'Not I! I can't abide the woman! nor she me!' He added, after a moment, 'You will do better without me.'

So he went out for his ride, and Ursula asked, 'Oh, mother! what will you do?'

'The best I can, my dear. They are good people, and are sure to be kinder than I deserve.'

Nuttie was learning that her mother would never so much as hear, far less answer, a remark on her husband. It was beginning to make a sore in the young heart that a barrier was thus rising, where there once had been as perfect oneness and confidence as could exist between two natures so dissimilar, though hitherto the unlikeness had never made itself felt.

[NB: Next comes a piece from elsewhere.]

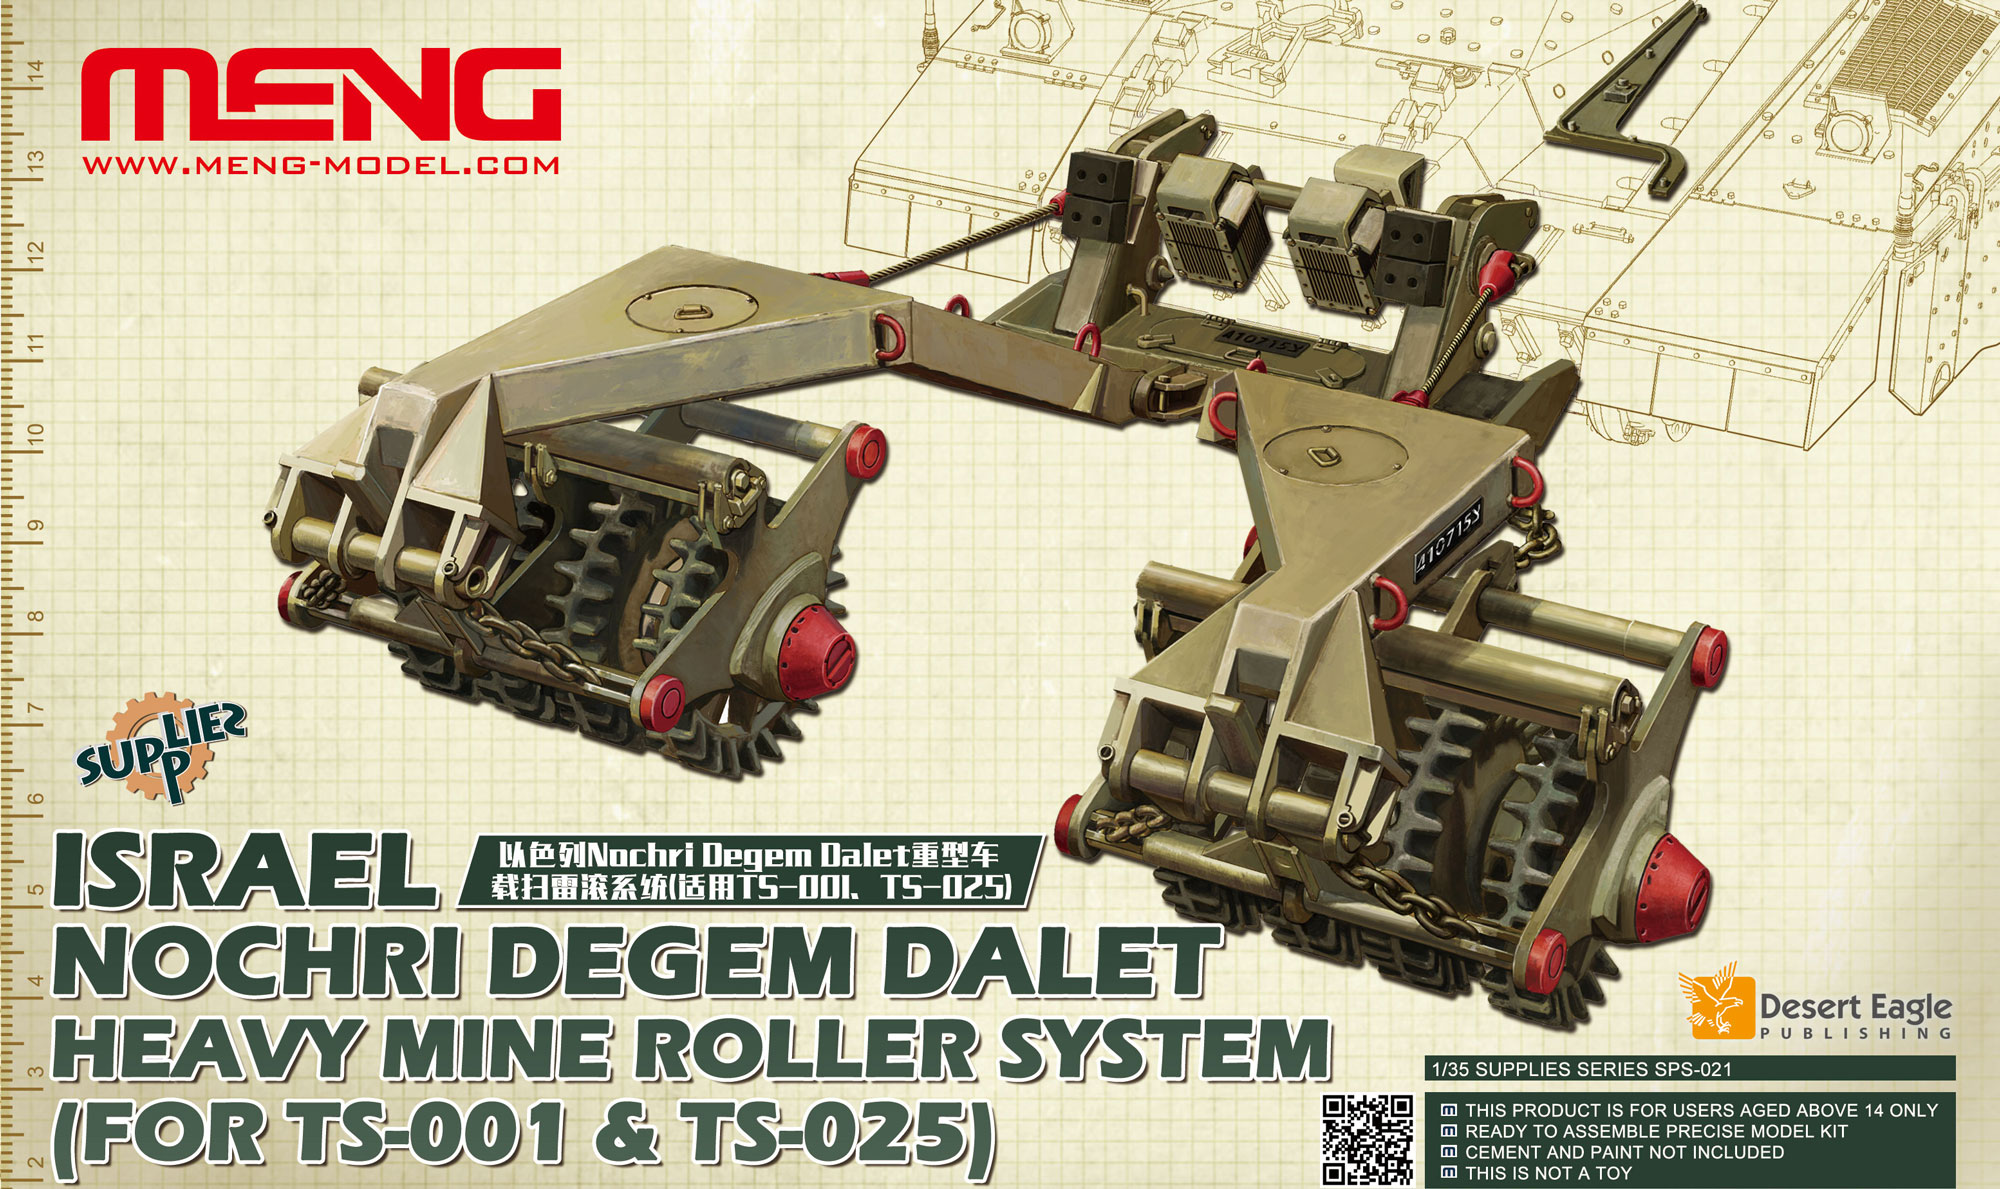 Meng 1/35 Israel Nochri Degem Dalet Heavy Mine Roller System (For TS-001&TS-025)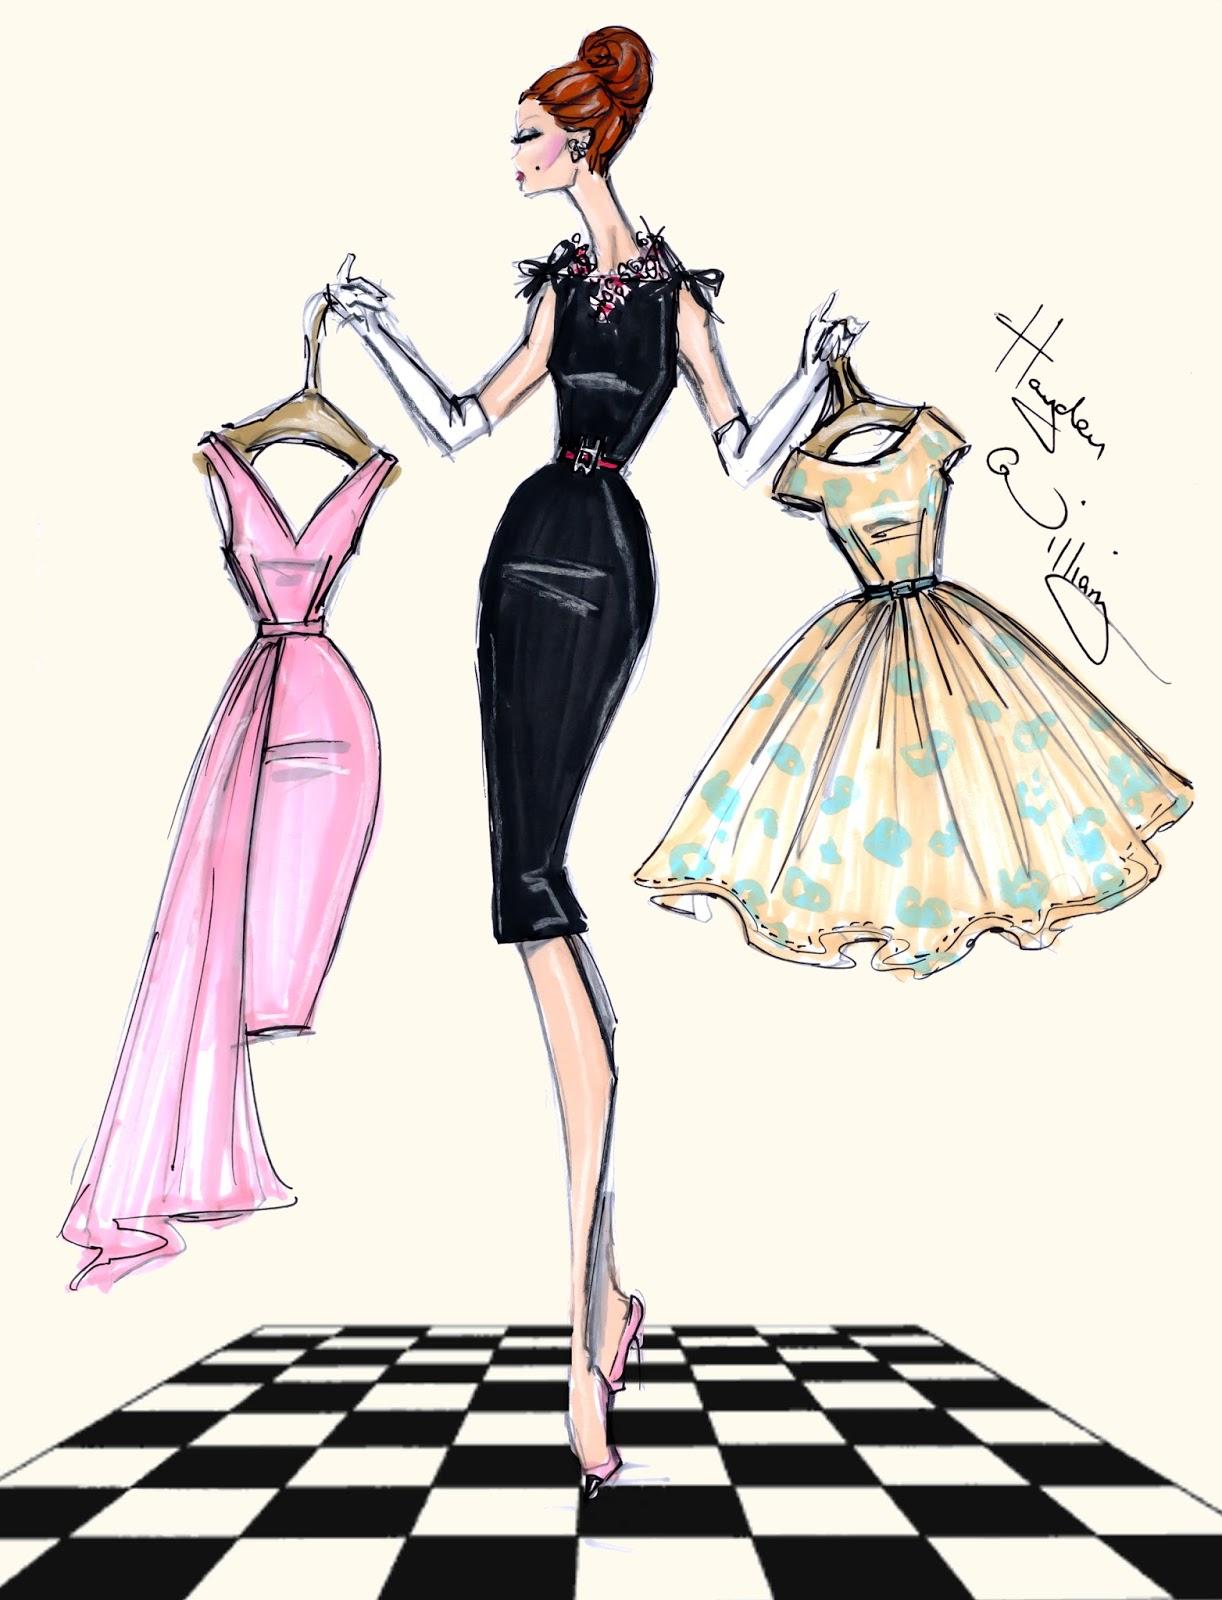 Dress Designs Drawings 2013 Hayden Williams Fashio...

Mrs. Egremont turned the conversation to the establishing themselves in the pavilion, whither she proceeded to import some fancy-work that she had bought in London, and sent Nuttie to Ronaldson, who was arranging calceolarias, begonias, and geraniums in the conservatory, to beg for some cut-flowers for a great dusty-looking vase in the centre of the table.

These were being arranged when Mrs. William Egremont and Miss Blanche Egremont were ushered in, and there were the regular kindred embraces, after which Alice and Nuttie were aware of a very handsome, dignified-looking lady, well though simply dressed in what was evidently her home costume, with a large shady hat and feather, her whole air curiously fitting the imposing nickname of the Canoness. Blanche was a slight, delicate-looking, rather pretty girl in a lawn-tennis dress. The visitor took the part of treating the newcomers as well-established relations.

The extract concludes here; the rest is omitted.